Lockheed Martin Canada Inc., a wholly owned subsidiary of Lockheed Martin Corporation , has entered into an agreement to purchase certain assets of the engine maintenance, repair and overhaul or MRO business of Aveos Fleet Performance, Inc., located in Montreal, Canada.
The engine MRO assets provide capabilities to perform a complete range of services on the CF34 and CFM56 engine families, which include engines that power the airplanes of Embraer SA , Bombardier Inc. , and Airbus.
The newly acquired business will become part of Lockheed Martin Aeronautics' engine MRO line of business, which includes Kelly Aviation Center, a Lockheed Martin affiliate based in San Antonio, Texas.
Lockheed Martin is the largest U.S. defense contractor with a platform-centric focus that guarantees a steady inflow of follow-on orders from a leveraged presence in the Army, Air Force, Navy and IT programs. We expect the company to benefit from a strong defense focus on a number of its platform programs, such as the C-130 Hercules & C-5 Galaxy transport aircraft, F-16 Fighting Falcon multi-role jet, MH-60 Helicopters, the Advanced Extremely High Frequency & the Global Positioning Satellite III system satellites, the Littoral Combat Ship, and the Aegis Weapons System.
Going forward, we believe Lockheed Martin has significant upside potential based on the Obama administration’s focus on Intelligence Surveillance Reconnaissance (ISR), unmanned systems, force protection, cyber-security and missile defense. It was already sitting on an order backlog of approximately $75.6 billion at the end of the first nine months of 2012.
Lockheed Martin has one of the strongest balance sheets among its peers with a stable long-term debt-to-capitalization of 78.0% after the end of the first nine months of 2012. Lockheed continues to be a strong cash generator with its operating cash flow reaching approximately $4.3 billion during fiscal 2011. Management is also prudent in returning a substantial portion of its free cash flow to shareholders through share repurchases and incremental dividends. The company closed the first nine months of 2012 with cash and cash equivalents of $4.7 billion, and a $1.5 billion revolving credit facility expiring in August 2016. Total long-term debt of approximately $6.4 billion was mainly in the form of fixed interest bearing securities (notes and debentures).
On the flip side, we must remember that a large percentage of Lockheed Martin’s business comes from the U.S. government (82% of sales in 2011). Budget deficits and political uncertainty make future defense budgets vulnerable to cutbacks. Going forward, Pentagon is seeking to trim about $487 billion in defense spending over 10 years to meet deficit reduction targets. Also, U.S. economic fundamentals are basically being kept on a tight leash as the Euro-crisis continues to cast its spell over financial markets, risking further cutbacks in future defense budgets.

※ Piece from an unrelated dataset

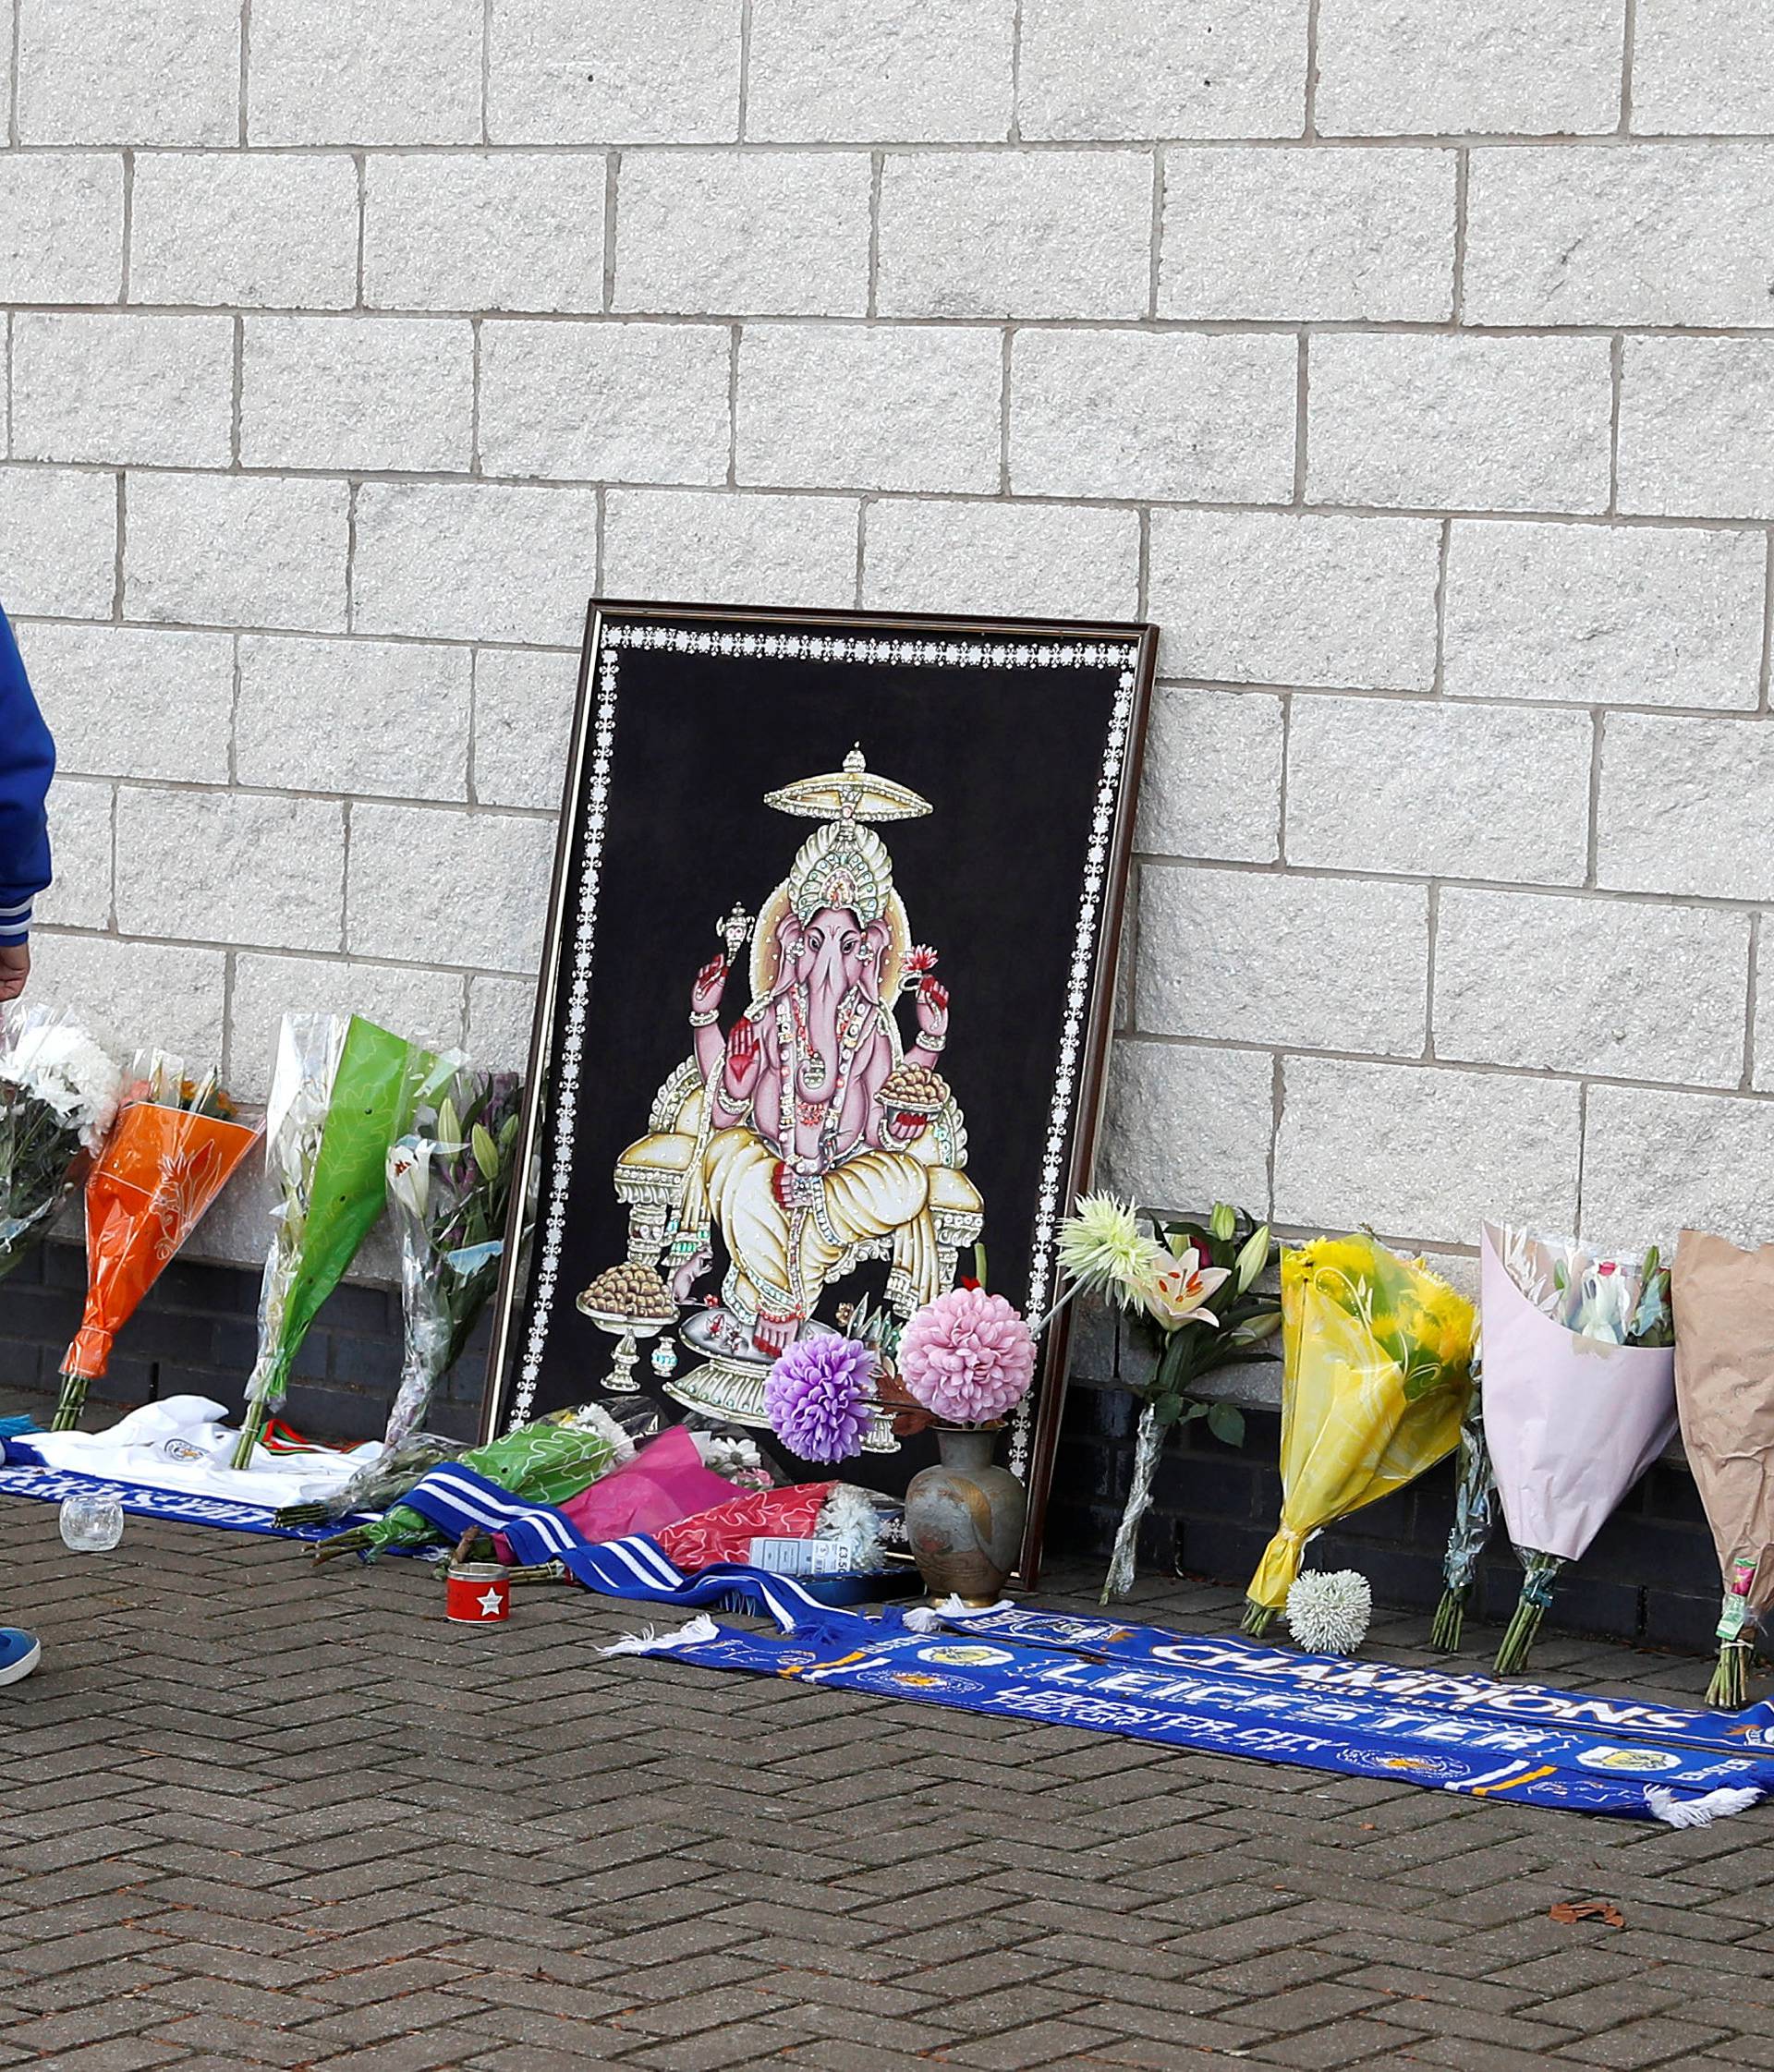 A Leicester City football fan places flowers outside the football stadium after the helicopter of the club owner Thai businessman Vichai Srivaddhanaprabha crashed when leaving the ground on Saturday evening after the match, in Leicester

We are apprehensive about the $15 trillion national debt and unemployment rate of around 7.7% that would lead to the Budget Control Act’s dictum of automatic cutbacks across the board going forward. This would not result in anything extra for defense goliaths in general and Lockheed Martin in particular.

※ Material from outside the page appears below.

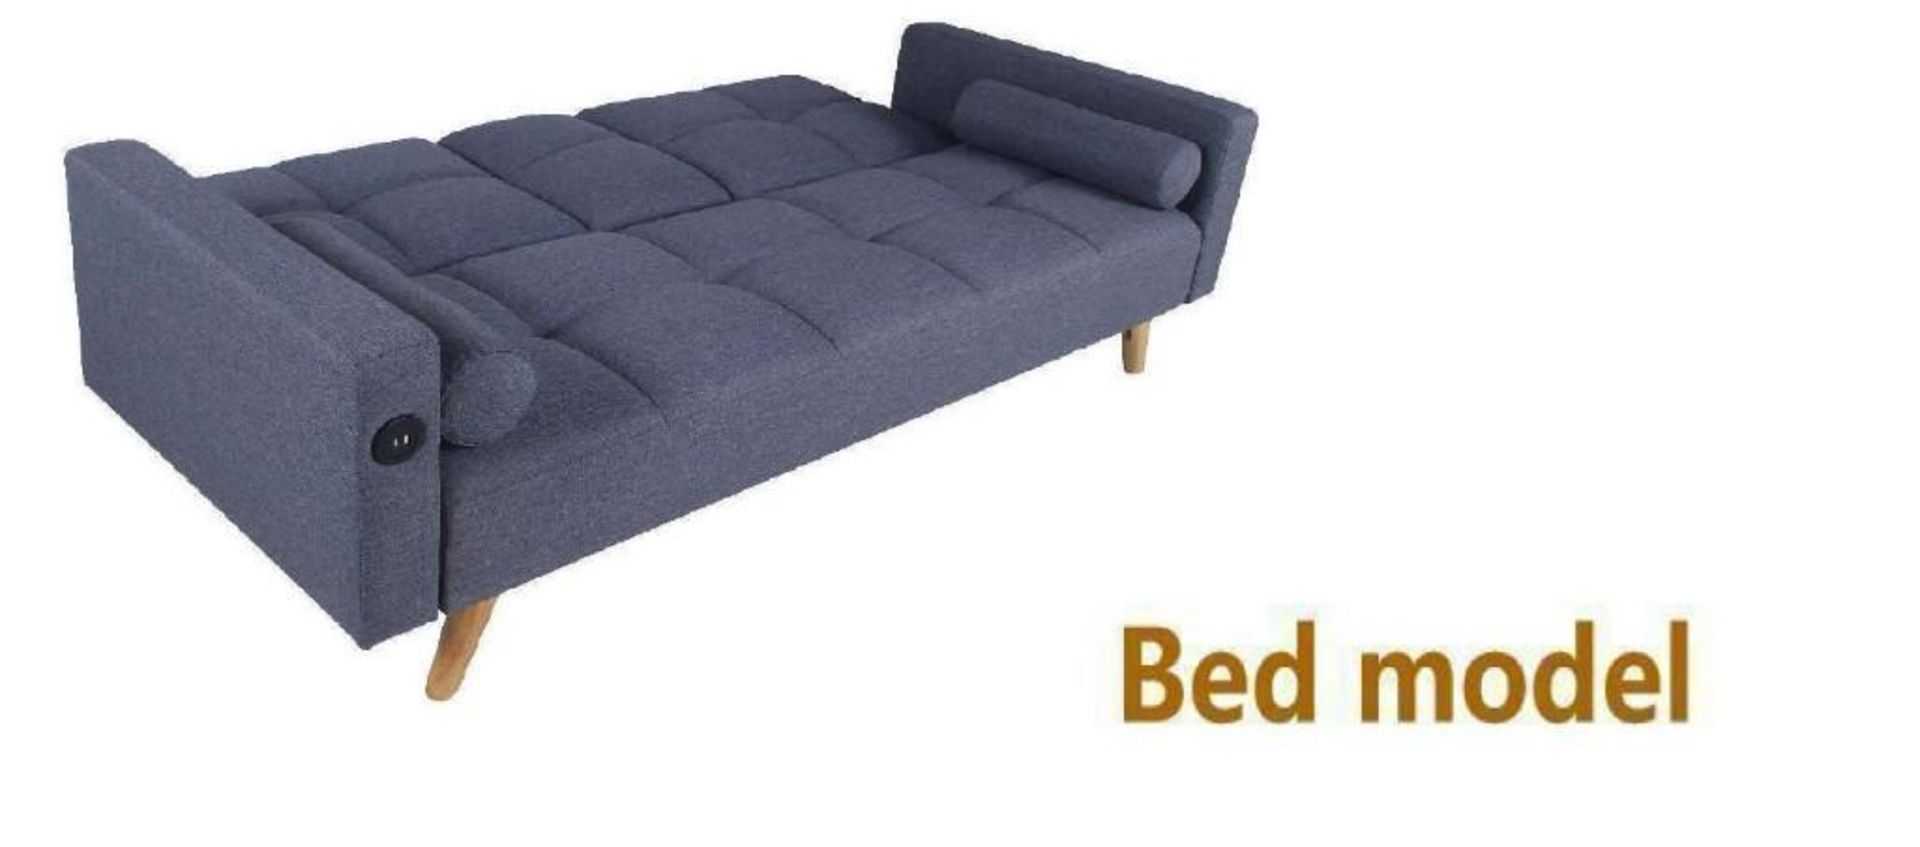 *NO VAT ON HAMMER* Brand new Boxed 2 Seater Clic Clac USB Sofa Bed - Image 6 of 10

Given the budgetary cuts and overall scenario, it would not be too pessimistic to advise investors to adopt a wait-n-watch approach for the defense and aerospace major. Thus, considering the company’s business model and fundamentals, we maintain our long-term “Neutral” recommendation on the stock. The company holds a Zacks #3 Rank, which translates into a short-term Hold rating, and correlates with our long-term recommendation. This is in sync with its peers like The Boeing Company and Northrop Grumman Corporation .
Over the longer run, we expect the company to register a stable performance given its diversified presence in a plethora of defense platforms and IT know-how. Also, shareholder return will continue to be shored up by the company’s focus on debt repayment, its ongoing share repurchase program and the incremental dividend.